We saw the morning off with a rousing game of 'Kung Fu Samurai on Giant Robot Island'. I'd really rather not try to explain it, except to say: it's a card game about making seriously B-grade chop-socky flicks. The turning point was when my Mutant Cyborgs, allied with the Spirits of the Ancestors, attacked and destroyed Younger Son's almost invulnerable Inscrutable Monk with Kick-Ass Katana. With a bit of help from the Weapon, the Mutant Cyborgs prevailed -- and the game was eventually won by a movie about... a mansion. Nothing else. (All my characters were long dead. But the location of the film survived -- and that was enough to prevail.

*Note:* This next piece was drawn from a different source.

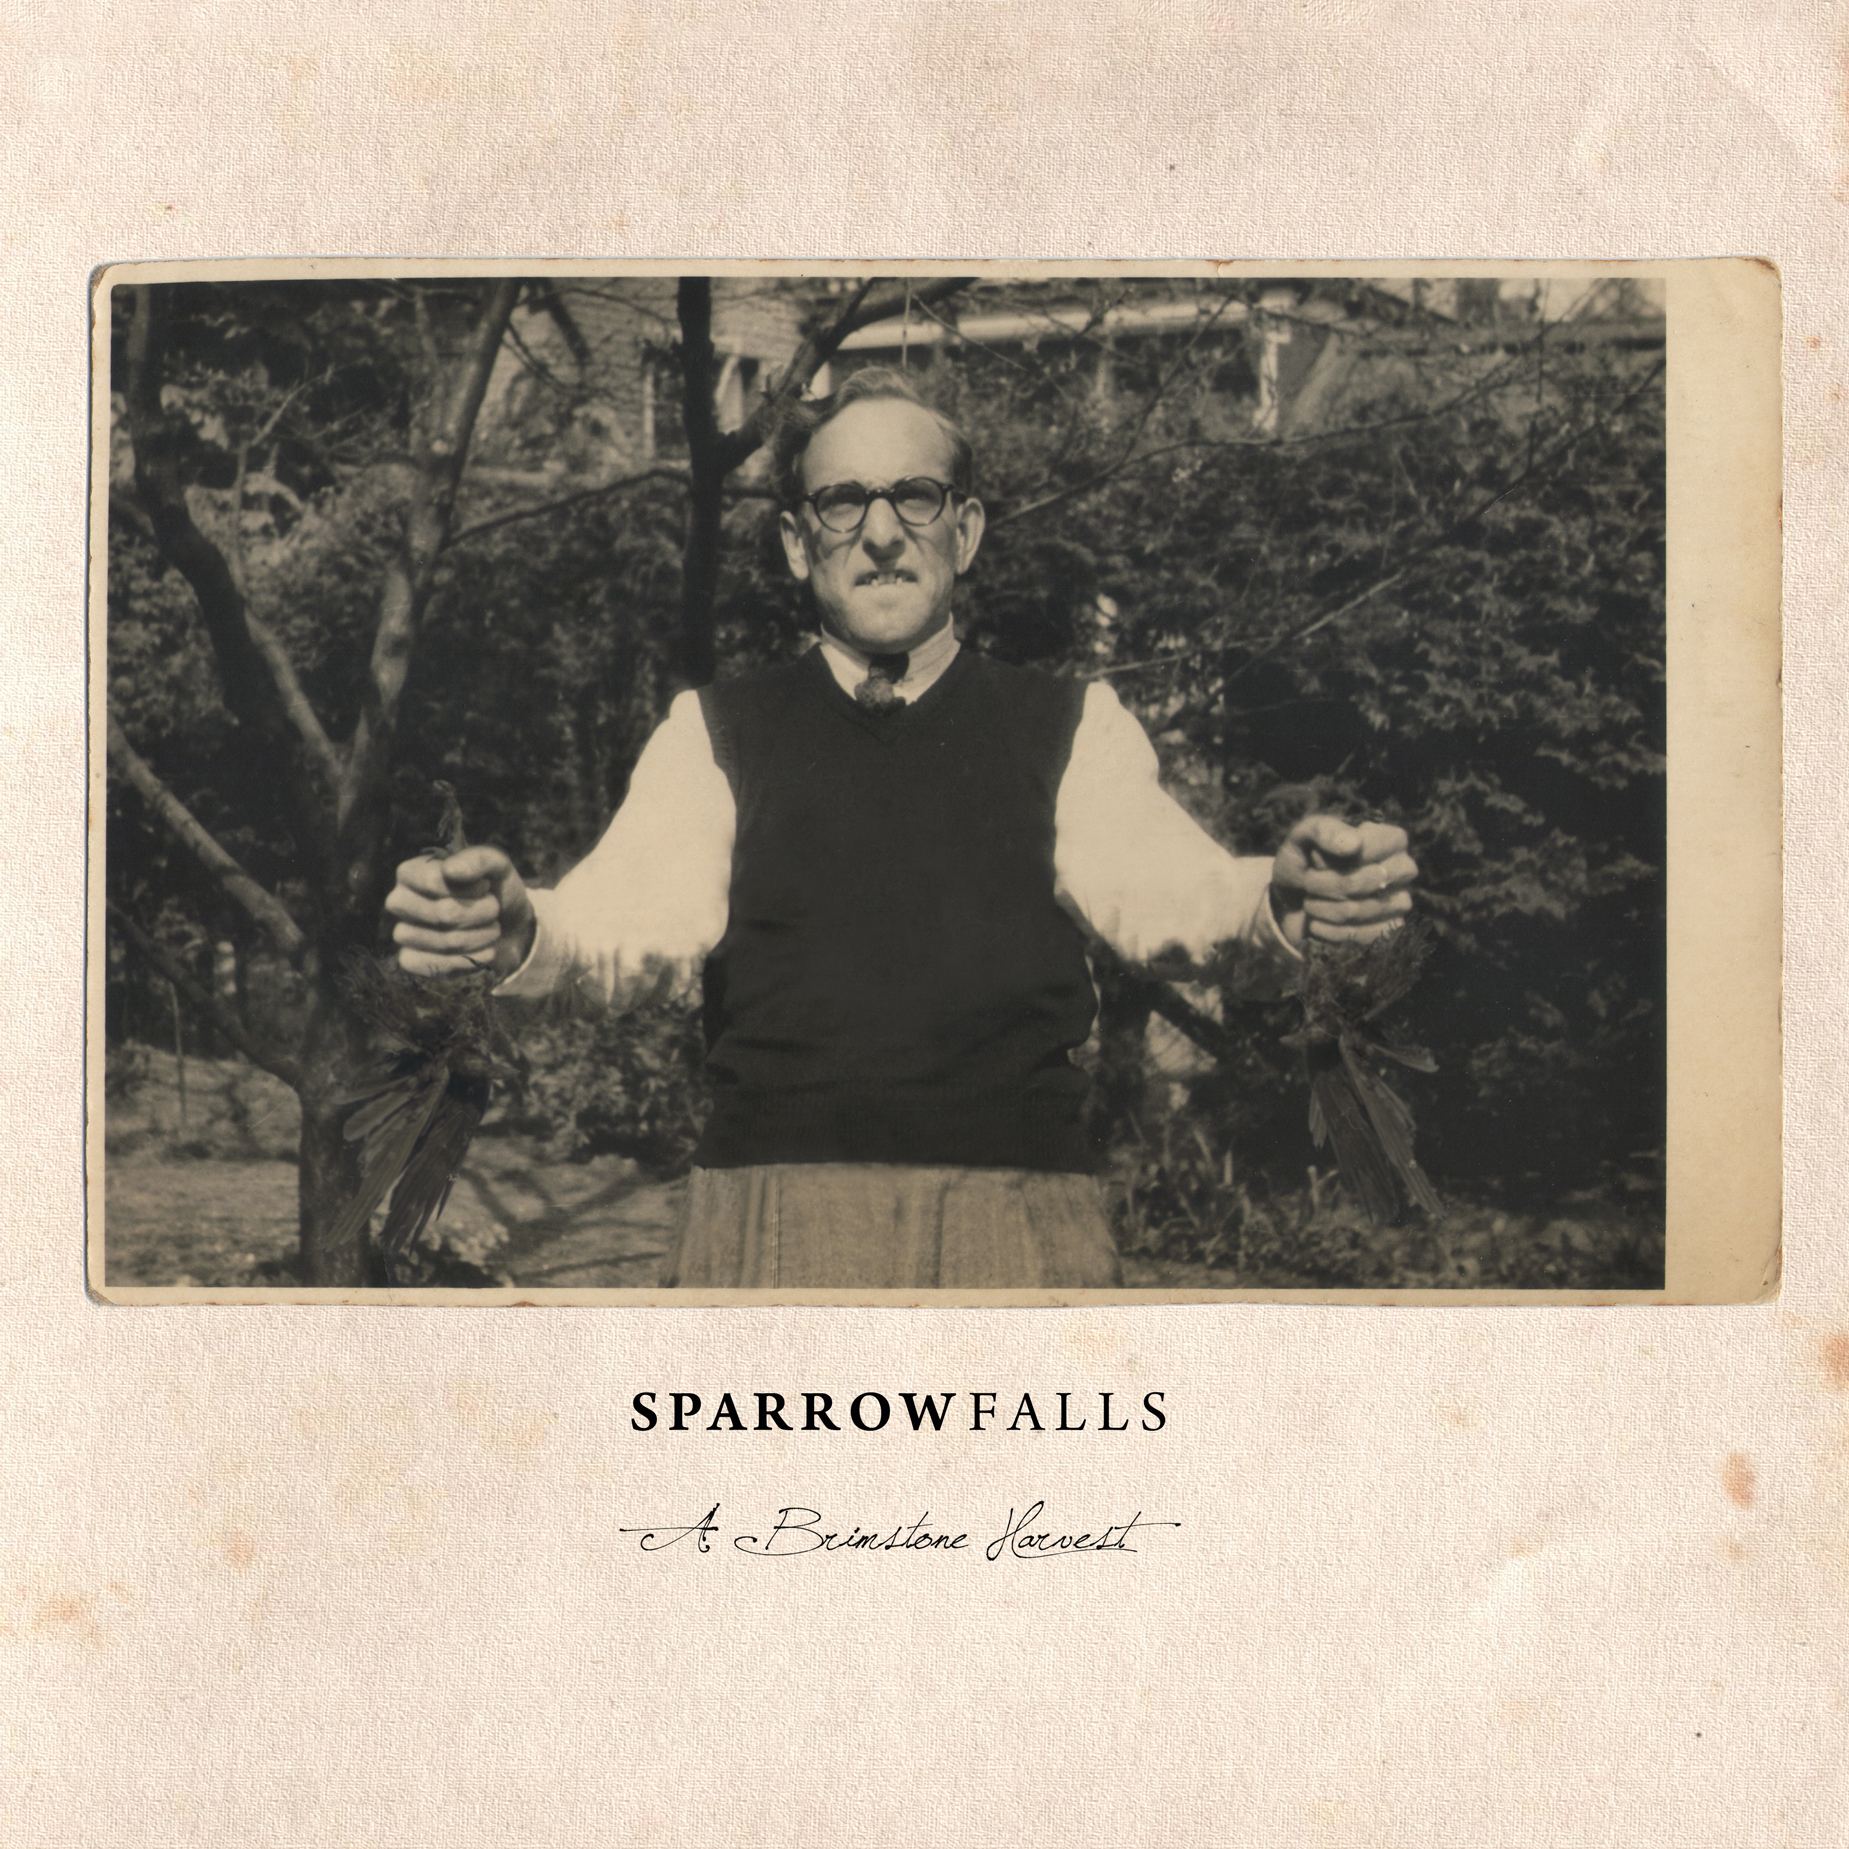 Sparrow Falls – A brimstone harvest

In other words: "The Return of Monkey Cop Robot Finger Fury" was all about a mansion. And nothing else. We figured that obviously, the first movie had been a great success but the lead actors died (probably in the same explosion that killed Godzilla, when Barnes' lone Sumo Wrestler used a bomb to kill him) so the film producers quickly ran out a sequel...
Anyway. The family is now calling me to go and watch Fringe with them, and I shall do so. I've made a dinner of steamed dumplings and vegetables, and it's time to go and hang with Natalie and the kids. Farewell to Barnes and co... and come back when you can, eh?